How our smallest FinCEN Files stories captured the biggest data lessons

Each Confidential Client pro­file amounts to only a few hun­dred words, but the huge data lift involved was emblem­at­ic of the entire FinCEN Files investigation

Unlike pre­vi­ous ICIJ inves­ti­ga­tions such as Luanda Leaks, Mauritius Leaks, or Panama Papers, the FinCEN Files doc­u­ments didn’t num­ber in the hun­dreds of thou­sand or millions.

In fact, the entire inves­ti­ga­tion was based pri­mar­i­ly on a cache of just over 2,600 doc­u­ments that BuzzFeed News shared with the International Consortium of Investigative Journalists and 108 media part­ners, includ­ing more than 2,100 suspi­cious activ­i­ty reports, sev­er­al hun­dred spread­sheets, a few dozen Word doc­u­ments, and emails.

But don’t let the size of the leak fool you. It took months of delib­er­ate, metic­u­lous data work and dili­gent report­ing to eke out some of the investigation’s big sto­ries and find­ings, like ana­lyz­ing the more than $2 tril­lion in sus­pi­cious trans­ac­tions flagged by U.S. banks, or iden­ti­fy­ing the net­works of shell com­pa­nies used to laun­der poten­tial­ly dirty money.

With any data jour­nal­ism project, it’s impor­tant to put a human face to the fig­ures. Our Confidential Clients fea­ture was a selec­tion of busi­ness­men, fraud­sters and polit­i­cal lead­ers whose sto­ries appeared in the leaked files. The aim was to show how glob­al banks con­tin­ued mov­ing bil­lions of dol­lars around the world for clients they sus­pect­ed were fund­ing illic­it or ille­gal activities.

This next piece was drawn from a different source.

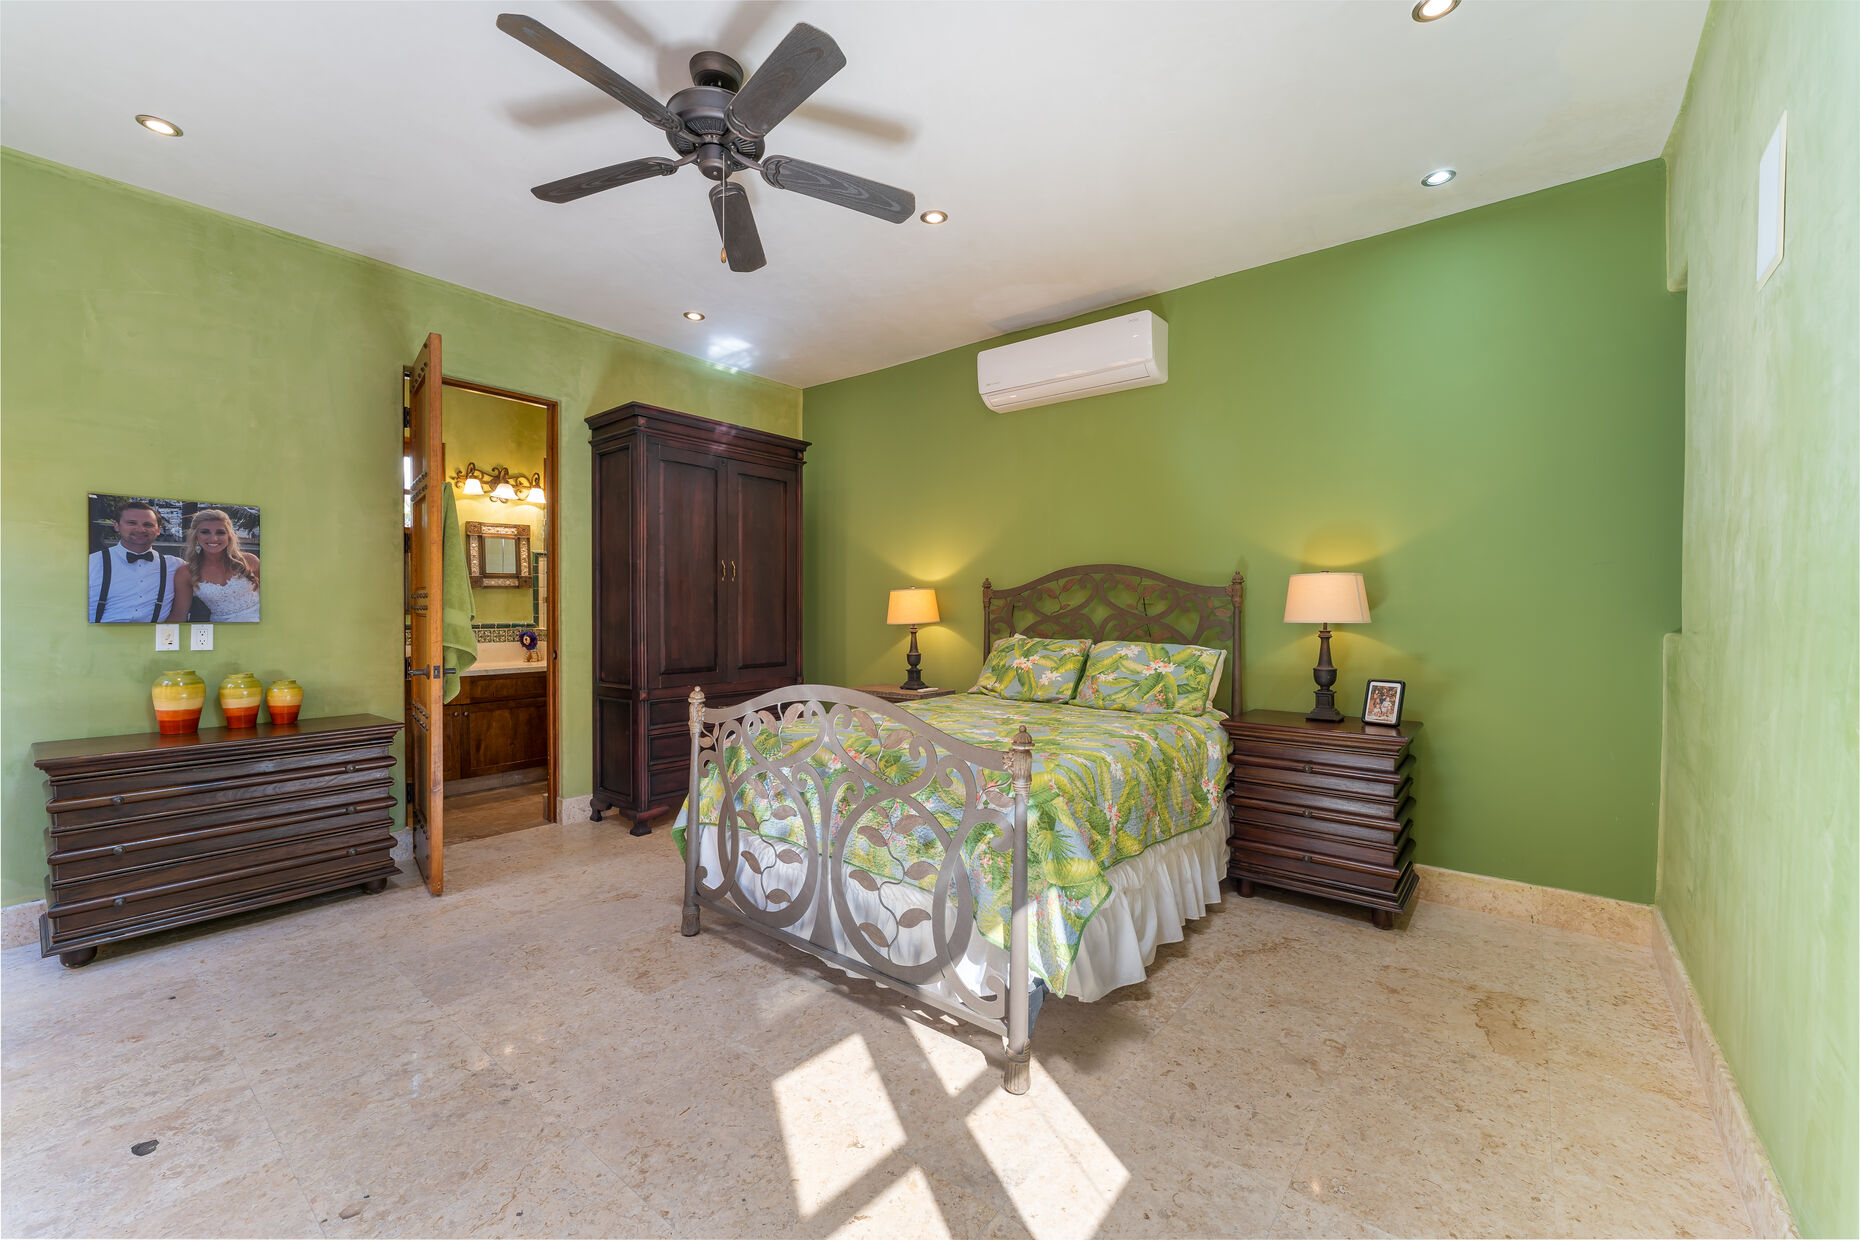 Downstairs Bedroom 3 / Ceiling Fan/ Air conditioning/ Internet / Full Bed

We quick­ly dis­cov­ered that each pro­file offered a micro­cosm of the huge amount of report­ing and analy­sis that would even­tu­al­ly go into every sto­ry across the entire inves­ti­ga­tion, whether it was a 7,000-word fea­ture on British shell com­pa­nies or a 300-word pro­file of a cor­rupt politi­cian. Here’s what we learned along the way:

The data required reading between the lines

The files we were look­ing at were not the sort of frank exchanges between a client and their trust­ed wealth man­ag­er, accoun­tant or lawyer that we’ve seen in past inves­ti­ga­tions. There were no details of inti­mate client meet­ings or clear indi­ca­tions of inten­tions or motivations.

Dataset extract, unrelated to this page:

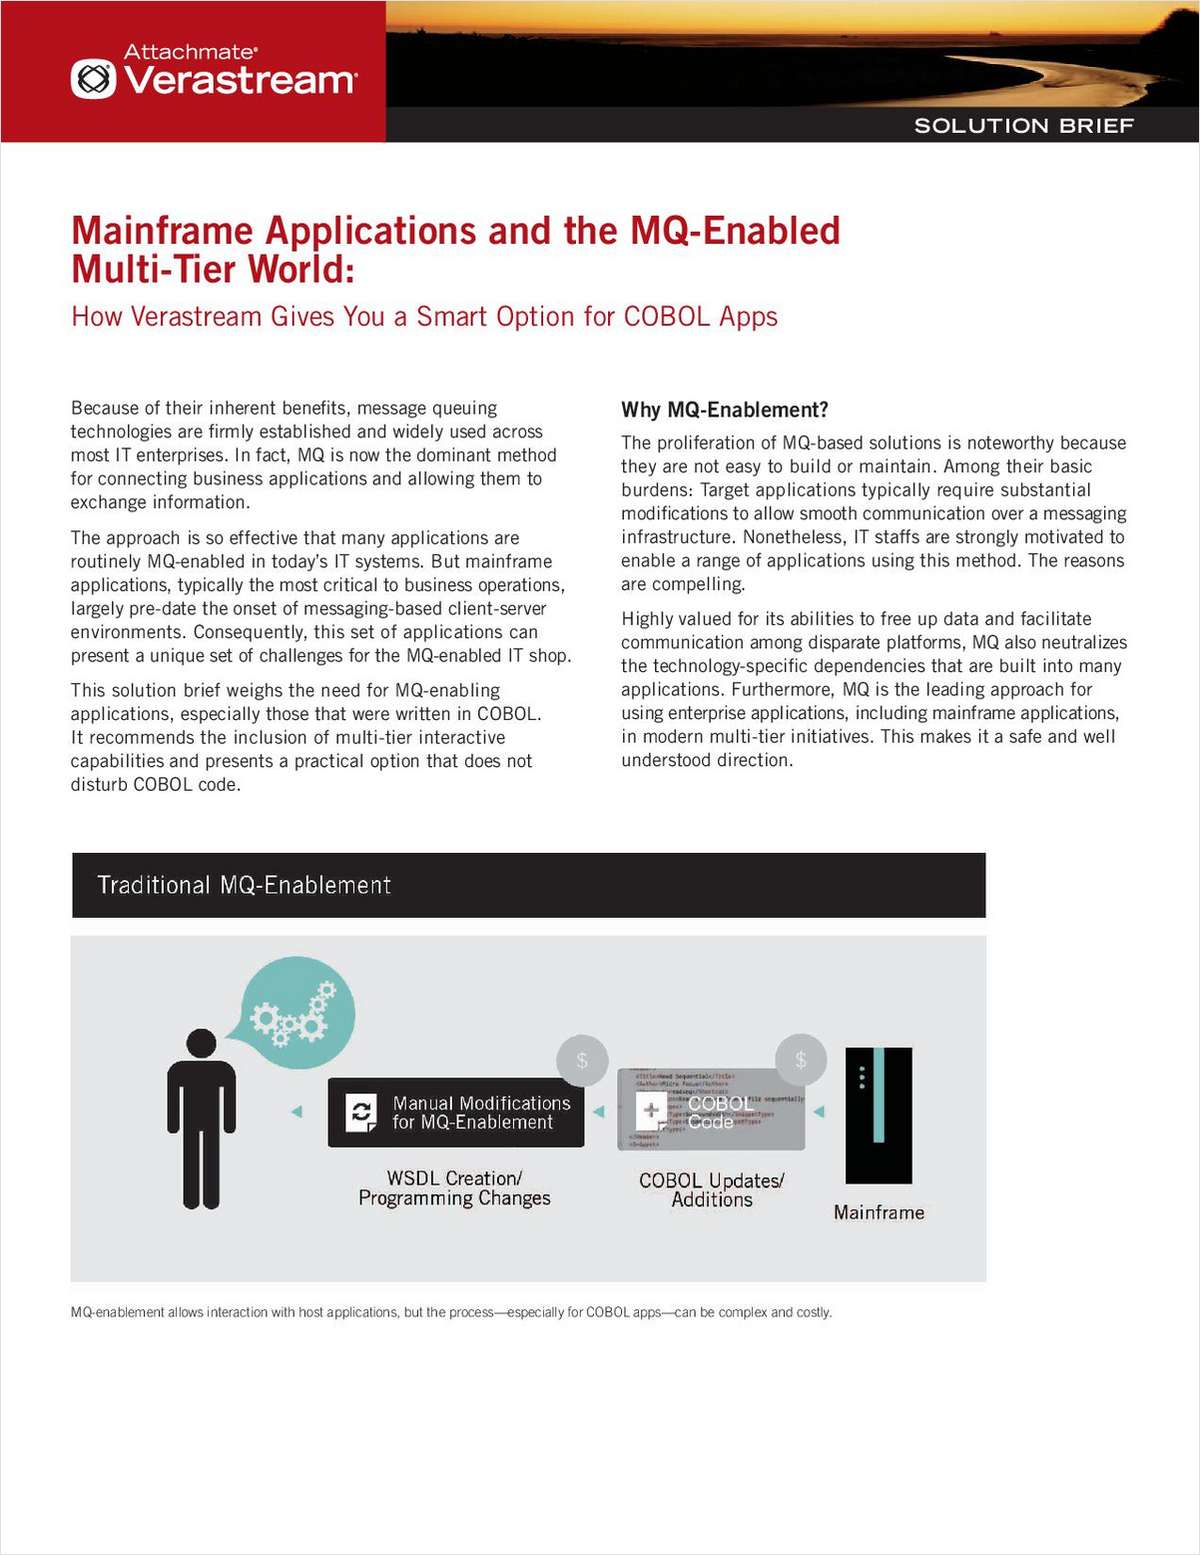 Mainframe Applications and the MQ-Enabled Multi-Tier World

The sus­pi­cious activ­i­ty reports and spread­sheet lists of trans­ac­tions we accessed were put togeth­er by banks’ com­pli­ance offi­cers report­ing their sus­pi­cions to the U.S. Treasury’s Financial Crimes Enforcement Network, known as FinCEN. These offi­cers often had no direct con­nec­tion to the trans­ac­tion or the client them­selves, and were often either ill-informed or lim­it­ed in the amount of details they could pro­vide FinCEN.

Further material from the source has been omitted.